Hi, As I said before, I started running HTTP server using Mio in the real world. Unfortunately, the daemon is not stable. After one day or so, the server cannot accept any HTTP requests. No error messages from the server. The server is alive. To terminate the server (running in a "screen" terminal), single Ctrl-c is not enough. Typing Ctrl-c again terminates the server. After several tests, I'm getting convinced that this occurs only when +RTS -N<x> is specified (where <x> >= 2). The server runs well if +RTS -N<x> is not specified. My question: if the program complied with GHC needs double Ctrl-c to terminate, what is the situation of the program? P.S. It seems to me that the server also is leaking space. The server is getting fatter gradually. --Kazu

Hi Kazu,
On Tue, Sep 3, 2013 at 2:52 PM, Kazu Yamamoto
Hi,
As I said before, I started running HTTP server using Mio in the real world. Unfortunately, the daemon is not stable.
After one day or so, the server cannot accept any HTTP requests.
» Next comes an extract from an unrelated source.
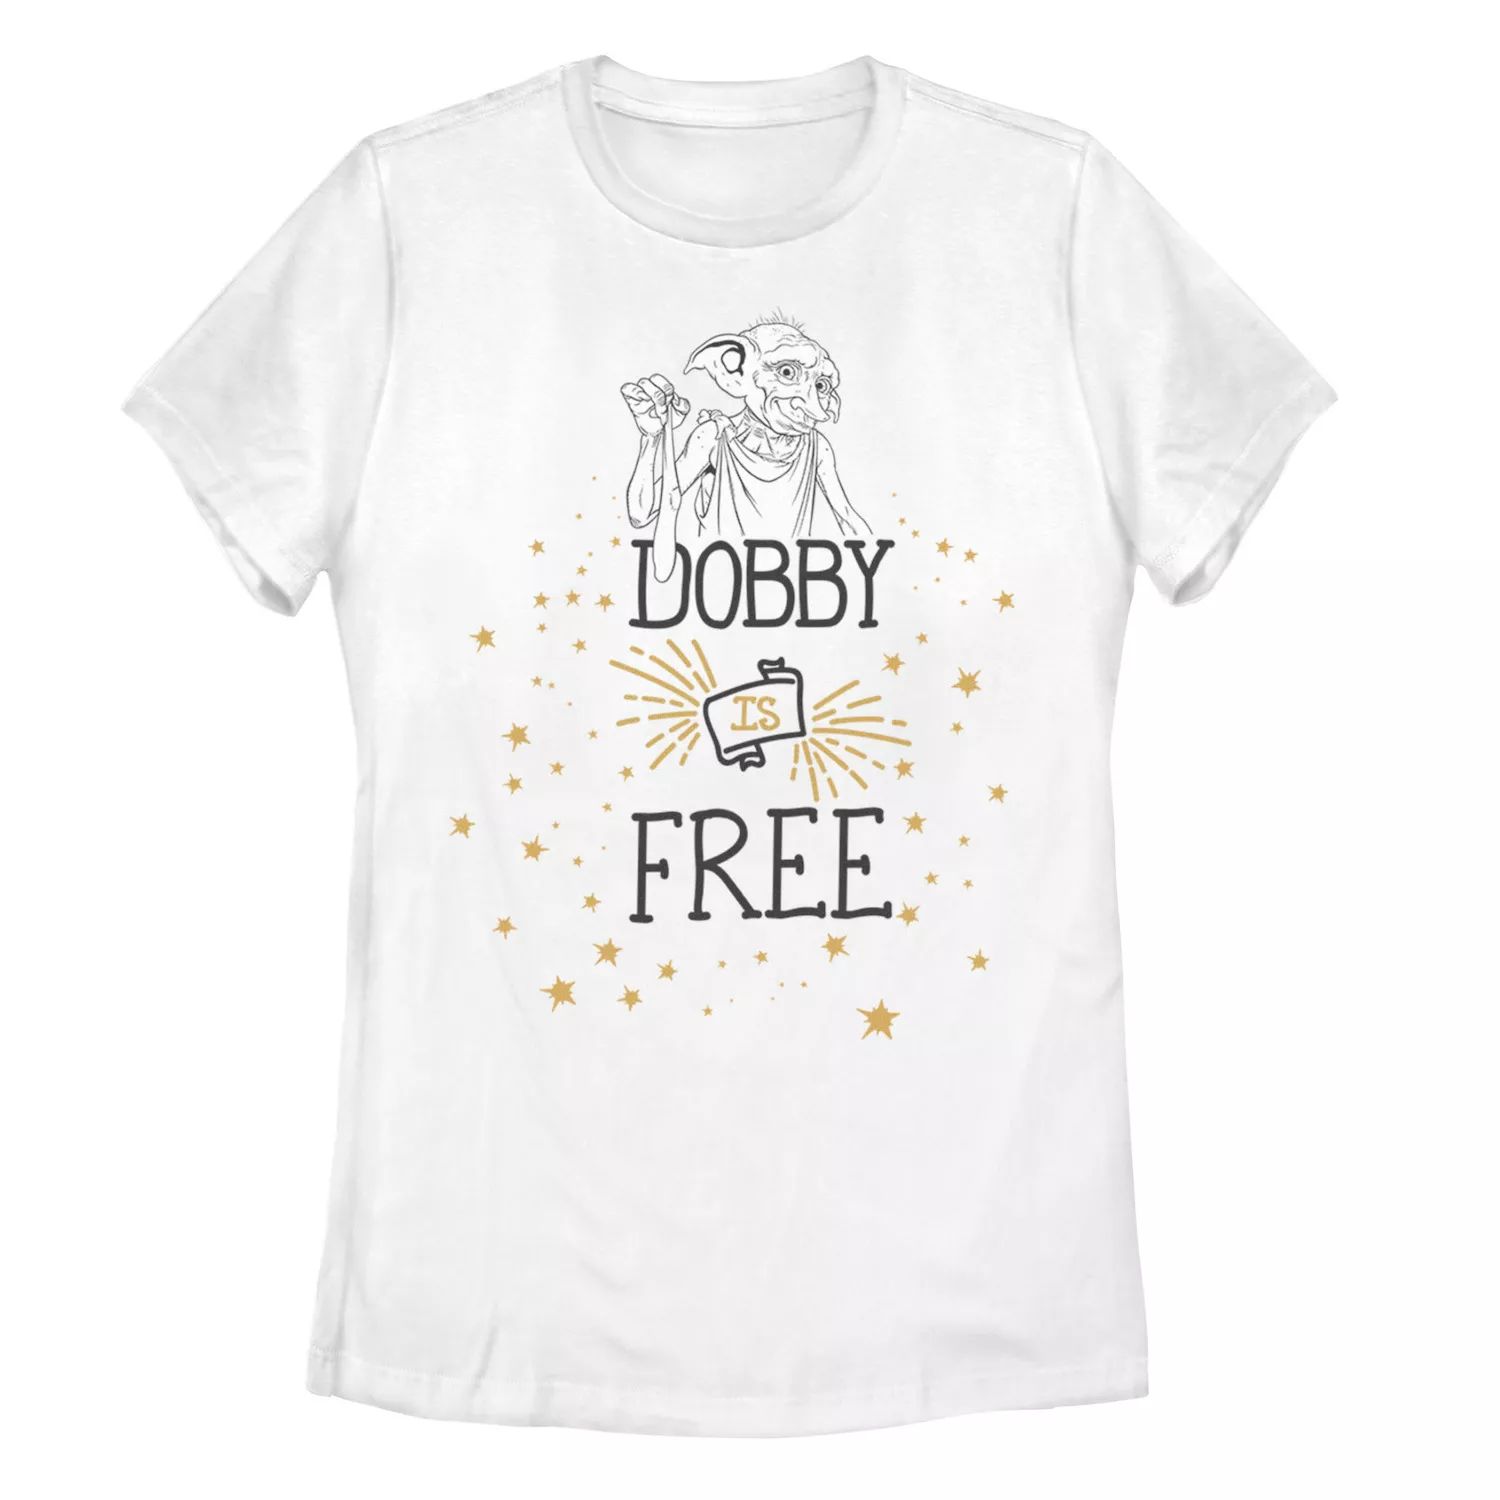 Футболка «Добби с Гарри Поттером» для юниоров — это футболка с рисунком Free Line Art Harry Potter

No error messages from the server.
The server is alive. To terminate the server (running in a "screen" terminal), single Ctrl-c is not enough. Typing Ctrl-c again terminates the server.
Could you run an strace on the process in this state so we can get an idea what it's doing?
After several tests, I'm getting convinced that this occurs only when +RTS -N<x> is specified (where <x> >= 2). The server runs well if +RTS -N<x> is not specified.
That indicates that the problem is with the threaded RTS and perhaps with the IO manager.
My question: if the program complied with GHC needs double Ctrl-c to terminate, what is the situation of the program?
If Ctrl+C generates an exception (does it?) there could be an overzealous exception catcher somewhere that catches all exceptions, including your Ctrl+C.
P.S.
It seems to me that the server also is leaking space. The server is getting fatter gradually.
Could you use the profiler to see what type of objects are leaking?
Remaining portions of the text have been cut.